On an otherwise average day in 2005, Taurean Dyer was driving home from the DMV, when the heavy New York City traffic suddenly stopped and the vehicle behind him slammed into his car. Dyer braced himself against the steering wheel, which caused a brain injury that appeared to put a halt to the aspiring engineer’s soaring educational trajectory.
Dyer, a college sophomore at the time, went from being able to do advanced calculus in his head to struggling to add single digits. He was a natural chatterbox, but lost the ability to put together full sentences. He was also an active wrestler, but now found himself bedridden.
“This is when I learned to fail,” he said. “It’s a lesson that’s stuck with me my whole life.”
Although doctors didn’t expect him to be able to complete college, during the next four years of recovery, Dyer not only relearned the basics, but upskilled and explored his passion for robots, drones, programming and electronics.
He earned his bachelor’s degrees in mechanical engineering and applied math from Stony Brook University in 2012, and, after encouragement from a professor, returned for his master’s degree in mechanical engineering, with a focus in energy technology and mechatronics.

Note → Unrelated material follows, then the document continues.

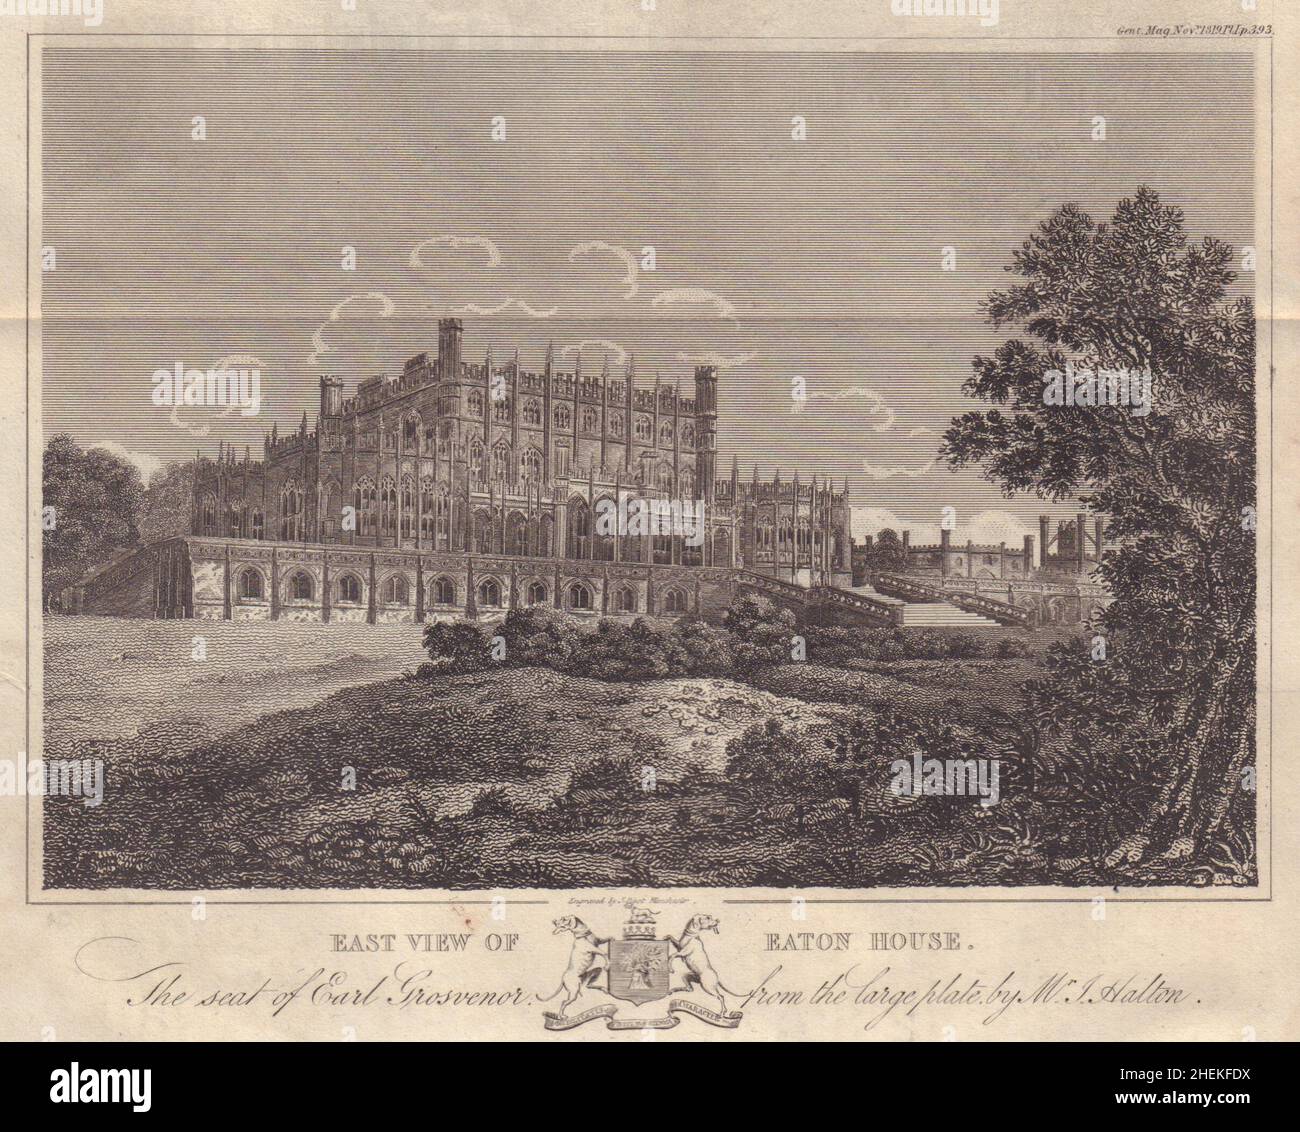 Vue est de la Maison Eaton, siège du comte Grosvenor, par M. J. Halton, Cheshire 1819 Banque D'Images

“I just kept doing what I’ve always done — praying and trying to succeed in the face of all odds,” he said.
After graduation, Dyer joined a large global consulting firm’s research lab, where he focused on applying technology to enable digital workforces and organizational behavior, helping employees accomplish critical tasks more efficiently. He earned five patents and presented a project about equitable hiring practices at the White House.

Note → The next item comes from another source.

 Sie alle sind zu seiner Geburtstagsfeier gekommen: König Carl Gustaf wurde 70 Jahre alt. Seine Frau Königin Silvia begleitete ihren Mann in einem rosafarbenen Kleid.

Dyer joined NVIDIA in 2019 as part of the AI infrastructure team, working on RAPIDS, an open-source suite of GPU-accelerated data science and AI libraries.

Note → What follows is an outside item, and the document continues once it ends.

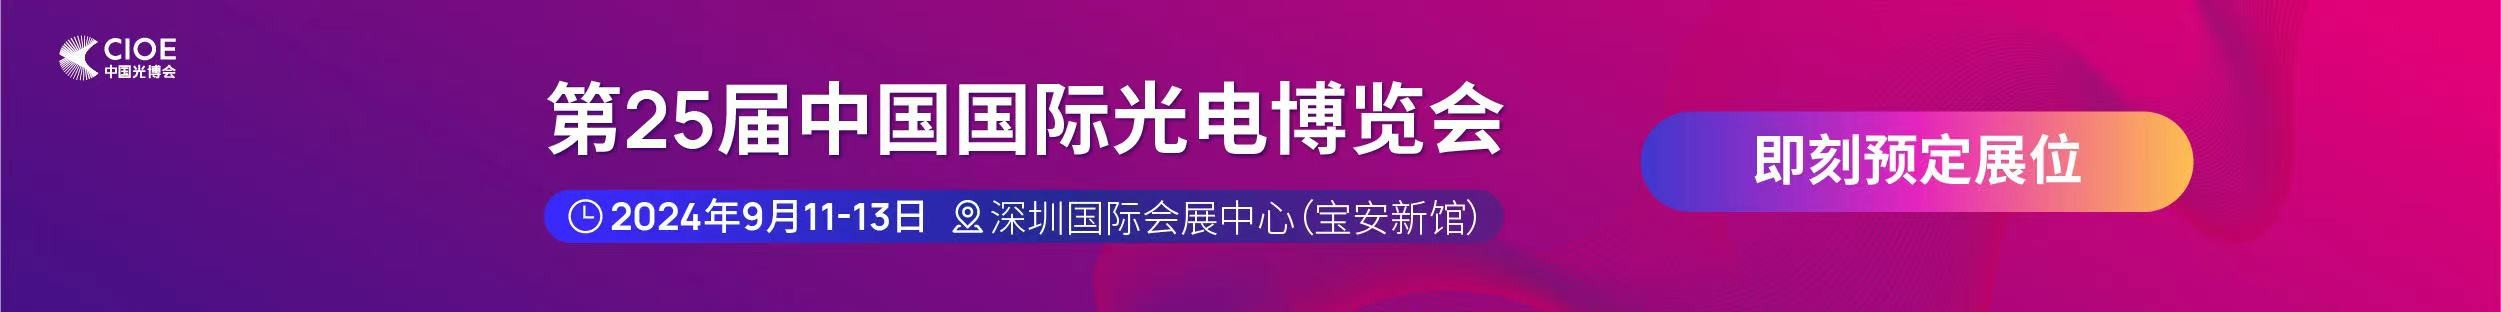 365体育官方唯一入口公司受邀参展第25届中国国际光电博览会

Now, as a senior technical product manager for data science and AI infrastructure, he helps developers, customers and students understand how they can apply RAPIDS to their own projects.
In a role spanning testing, documentation, user experience and community outreach, Dyer strives to broaden access to technology and help new users understand how they can use NVIDIA technologies to achieve their goals.
“If generous mentors hadn’t guided me, exposed me to new technologies and taught me how to use them when I was at my lowest, I wouldn’t be where I am now,” he said. “I try to pay it forward with my work every day.”
Dyer is passionate about opportunities to bring RAPIDS to underserved communities around the world. In 2021, in his home country of Trinidad, he cofounded PyDataTT, a nonprofit organization within the PyData developer community.
With PyDataTT and other local groups, such as TTLab, Dyer aims to empower Caribbean students and practitioners around the world to succeed in their data science, machine learning and AI projects.
“Sometimes kids’ vision is only as big as the pond they’re in, but I want them to realize they’re good enough to work alongside the brightest minds in tech,” he said. “I never know who this work might impact, and how — we’re just starting to see the ripple effects created by access to technology.”
Dyer’s efforts to broaden access to RAPIDS often yields remarkable results. In a live coding session, engineers who were testing RAPIDS in healthcare applications found that they could quickly identify patterns in how cancer cells transform as they metastasize. What would have taken them months was made possible in an hour, aided by open-source data science tools.
“All they needed was a faster way to get insights from the data that was always there,” he said. “This technology has the potential to change so many parts of the world for the better.”